Auslöser der Basedowschen Erkrankung sind Antikörper, die sich gegen die Empfangsstelle für das die Schilddrüse stimulierende Hormon TSH (TSH-Rezeptor) auf den Schilddrüsenzellen richten. Diese TSH-Rezeptor-Antikörper (TRAK) regen zumeist die Produktion und Freisetzung von Schilddrüsenhormonen an. Die Folge ist eine Schilddrüsenüberfunktion (Hyperthyreose) sowie eine Größenzunahme des Organs (Kropf bzw. Struma). Hinter den Augen führen die TRAK unter Umständen zu einer Vermehrung von Muskulatur und Fettgewebe, so dass die Augäpfel hervortreten können.

Warum es überhaupt zur Bildung von TRAK kommt, ist noch nicht vollständig geklärt. Erbliche (genetische) Faktoren und Umwelteinflüsse wie Stress, Virusinfektionen oder Rauchen scheinen bei der Krankheitsentstehung zusammenzuspielen.

Verlauf und Symptome

Die wichtigsten Symptome beim Morbus Basedow sind eine Schilddrüsenüberfunktion (Hyperthyreose), eine Vergrößerung der Schilddrüse (Struma) sowie unter Umständen das Hervortreten der Augen (endokrine Orbitopathie).

Zeichen der Schilddrüsenüberfunktion sind u.a. Unruhe, Gereiztheit, beschleunigter und unregelmäßiger Herzschlag, Schweißausbrüche, Zittern, Leistungsminderung oder auch Zyklusstörungen (bei Frauen) bzw. Unfruchtbarkeit (bei Männern).

Die Schilddrüsenvergrößerung kann zu Schluckbeschwerden, Engegefühl am Hals bis hin zu Luftnot bei Belastung führen.

Mögliche Folgen der hervortretenden Augen sind Sehstörungen bis hin zur Erblindung oder auch Doppelbilder, die von der jeweiligen Blickrichtung abhängen.

Diagnose

Bereits die Beschwerdekombination aus Schilddrüsenüberfunktion, Kropf und hervortretenden Augen lässt an die Basedowsche Erkrankung denken. Allerdings tritt diese Merseburger Trias nicht immer vollständig auf. Blutuntersuchungen erlauben aber den Nachweis einer Schilddrüsenüberfunktion bei gleichzeitigem Vorkommen von typischen Antikörpern (TRAK). Das Vorkommen von TRAK gilt als beweisend für die Erkrankung.
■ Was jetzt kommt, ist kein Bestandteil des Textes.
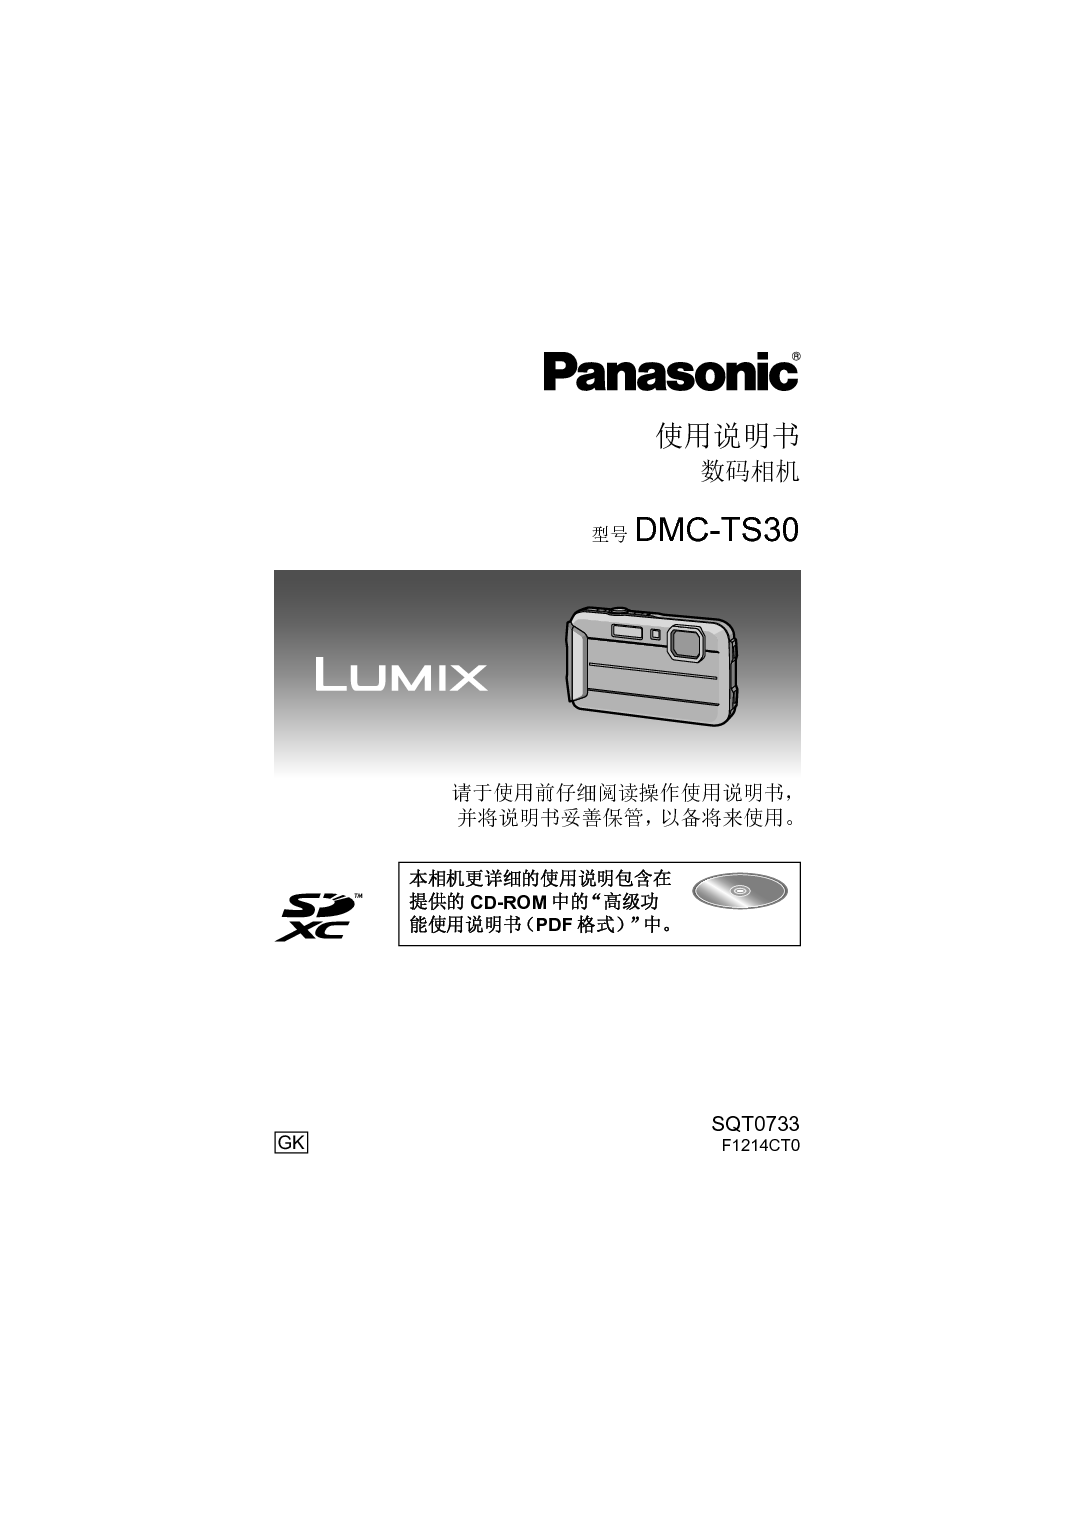 松下 Panasonic DMC-TS30GK 使用说明书 封面
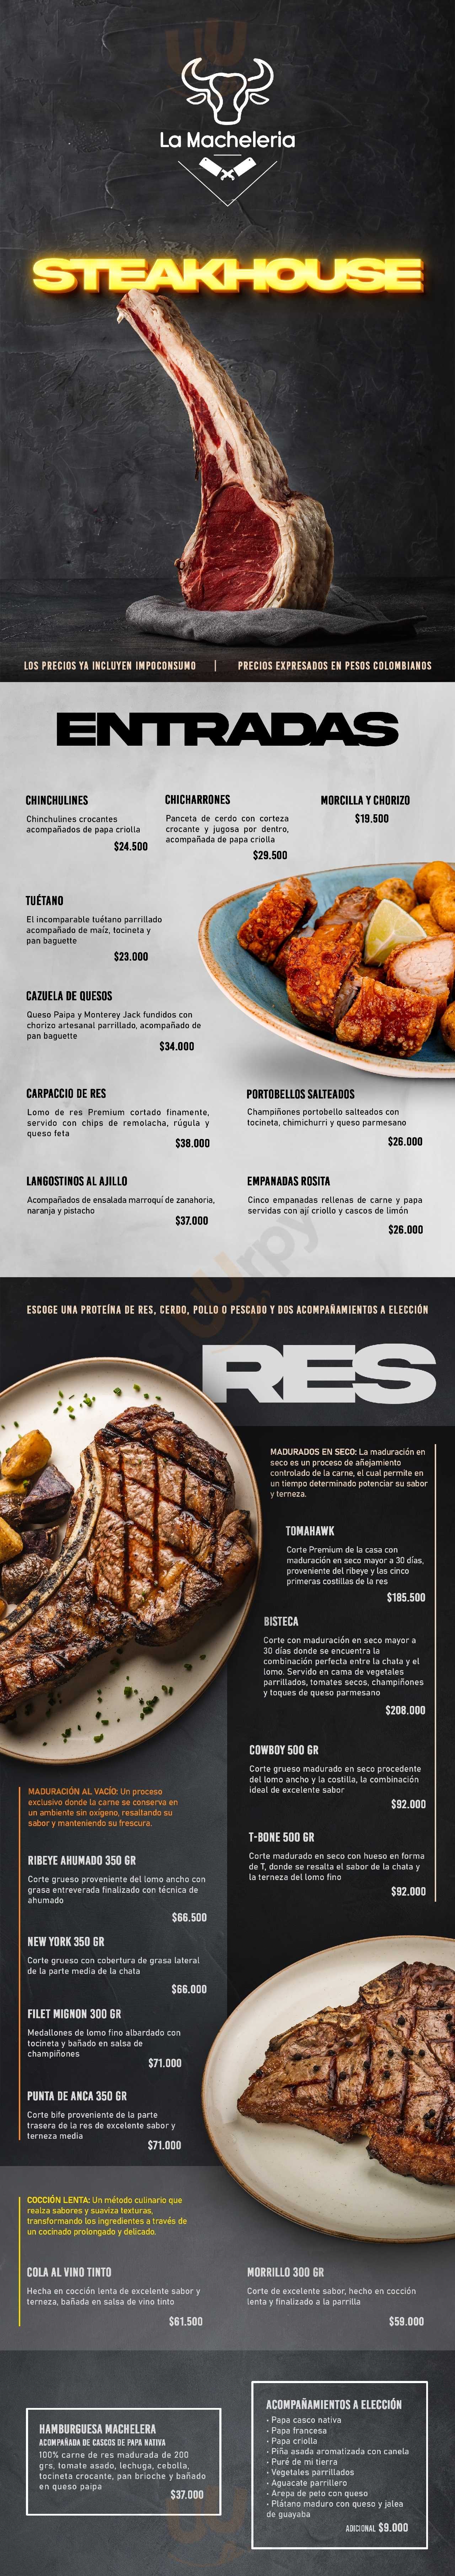 La Macheleria Steakhouse Bogotá Menu - 1

Die Szintigrafie (Bildgebung mit radioaktiv markierten Substanzen) lässt darüber hinaus Rückschlüsse auf die Aktivitätsverteilung in der Schilddrüse zu, so dass sog. heiße Knoten, also den Regelmechanismen des Schilddrüsenstoffwechsels entzogene hormonproduzierende Bereiche des Organs, von der allgemeinen Aktivitätserhöhung beim Morbus Basedow unterschieden werden können.

Behandlung

Im Vordergrund der Behandlung des Morbus Basedow steht aufgrund der Beschwerdestärke häufig die Therapie der Schilddrüsenüberfunktion. Diese kann zunächst mit aktivitätsmindernden Medikamenten (Thyreostatika) erfolgen. Zusätzlich können Einzelbeschwerden, wie etwa das Herzrasen gezielt behandelt werden.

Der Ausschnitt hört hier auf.